The risks deepen when legal consequences enter the frame. Laguardia Martinez described Trinidad’s posture as a “divergent adversarial stance,” warning that Caricom has historically defended Latin America and the Caribbean as a “Zone of Peace” anchored in the multilateral order that emerged after the second world war. In Wickham’s view, Trinidad and Tobago is “taking positions” that could end up before the ICC, given what he called “clear extra-judicial actions.” The irony is sharp: the US is not part of the ICC, but Trinidad and Tobago is.
In Latin America, where the memory of intervention is not academic but inherited—passed down like family lore—this is the familiar pattern. The strongest country speaks in the language of security, and smaller nations are left to decide whether cooperation buys protection or simply paints a target.
Caricom’s Hush, And The Fear Beneath It
If Trinidad looks like an outlier, the rest of the region looks cautious to the point of paralysis. Wickham told Malik that Caricom is “taking the path of least resistance” by avoiding a joint statement condemning the US operation. “It’s unfortunate,” he said, “but I am entirely unsurprised.” The hesitation is not only about dependence on aid or trade. It is also about what comes next.

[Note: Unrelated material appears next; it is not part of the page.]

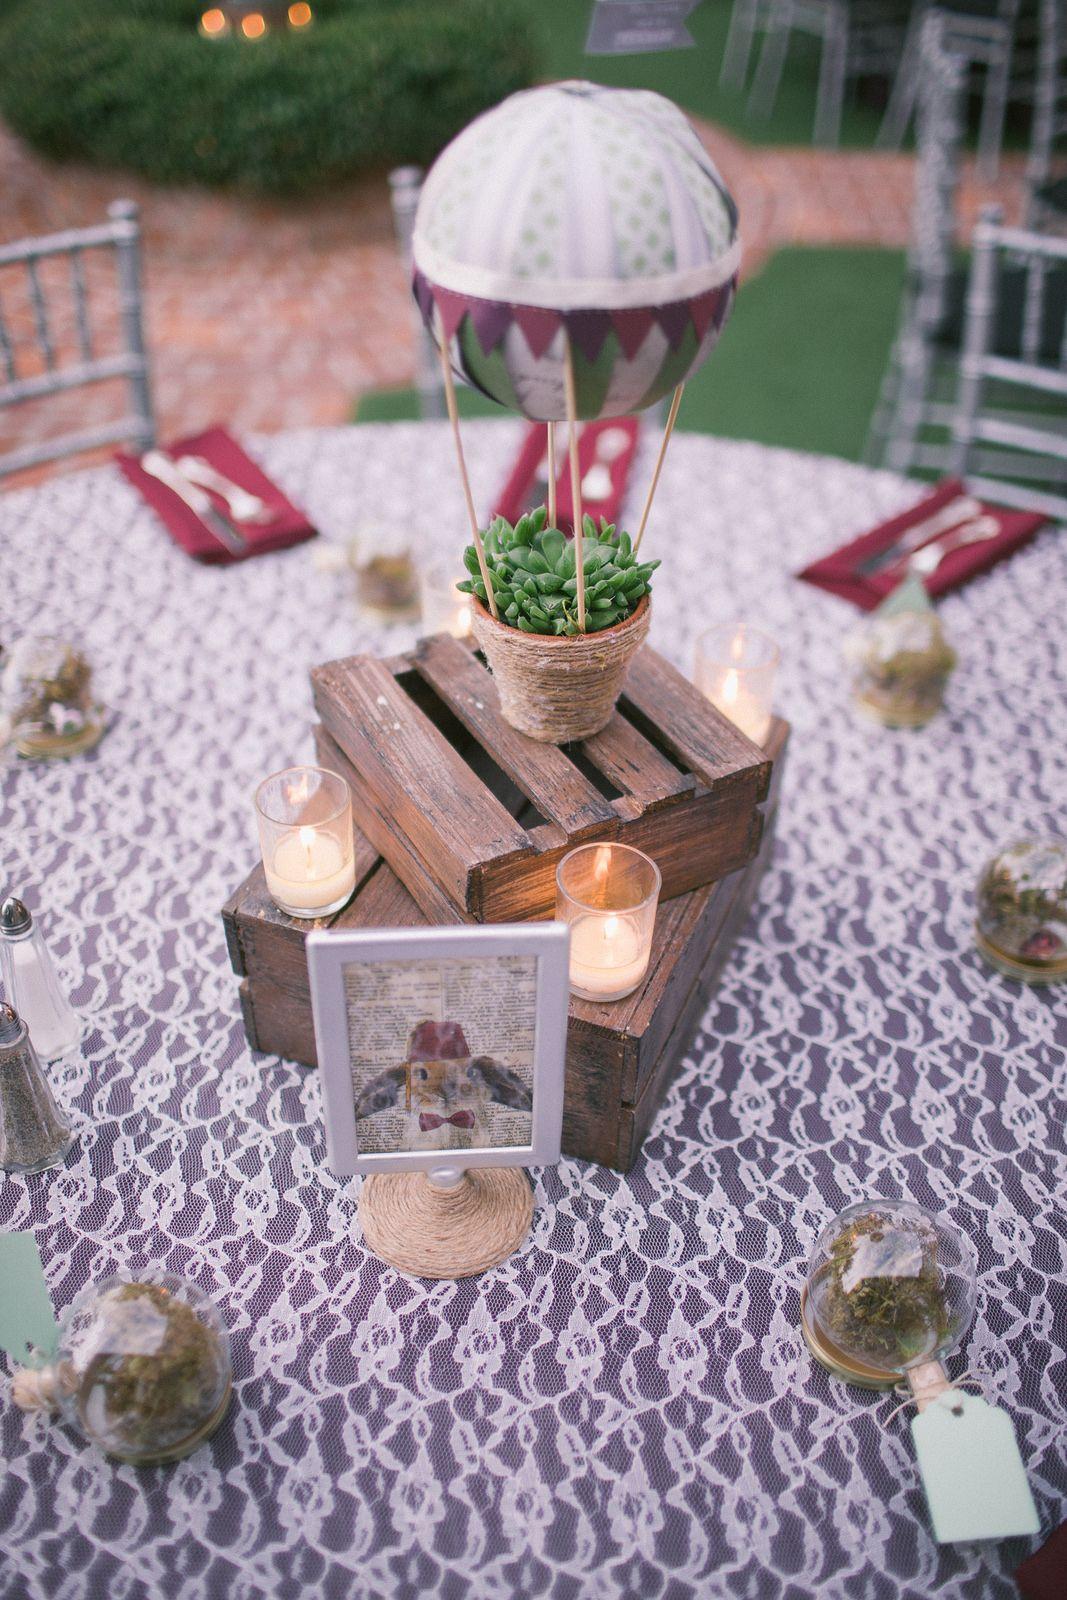 Vintage style wedding decoration ideas  Karina u Taylorus vintage style music and zombies wedding  Zombie

Many Caribbean governments have genuine, historically grounded links with Venezuela, ties that can be reframed as guilt if the prosecutor is powerful enough. Venezuela’s petro-diplomacy ran through Petrocaribe, launched in 2005 by former president Hugo Chávez, offering favorable financing and credit terms for oil. It expanded through Alba, the Bolivarian Alliance for the Peoples of Our America, with broader ambitions for south-south cooperation. The West Indies oil company in Antigua is partly owned by Venezuela.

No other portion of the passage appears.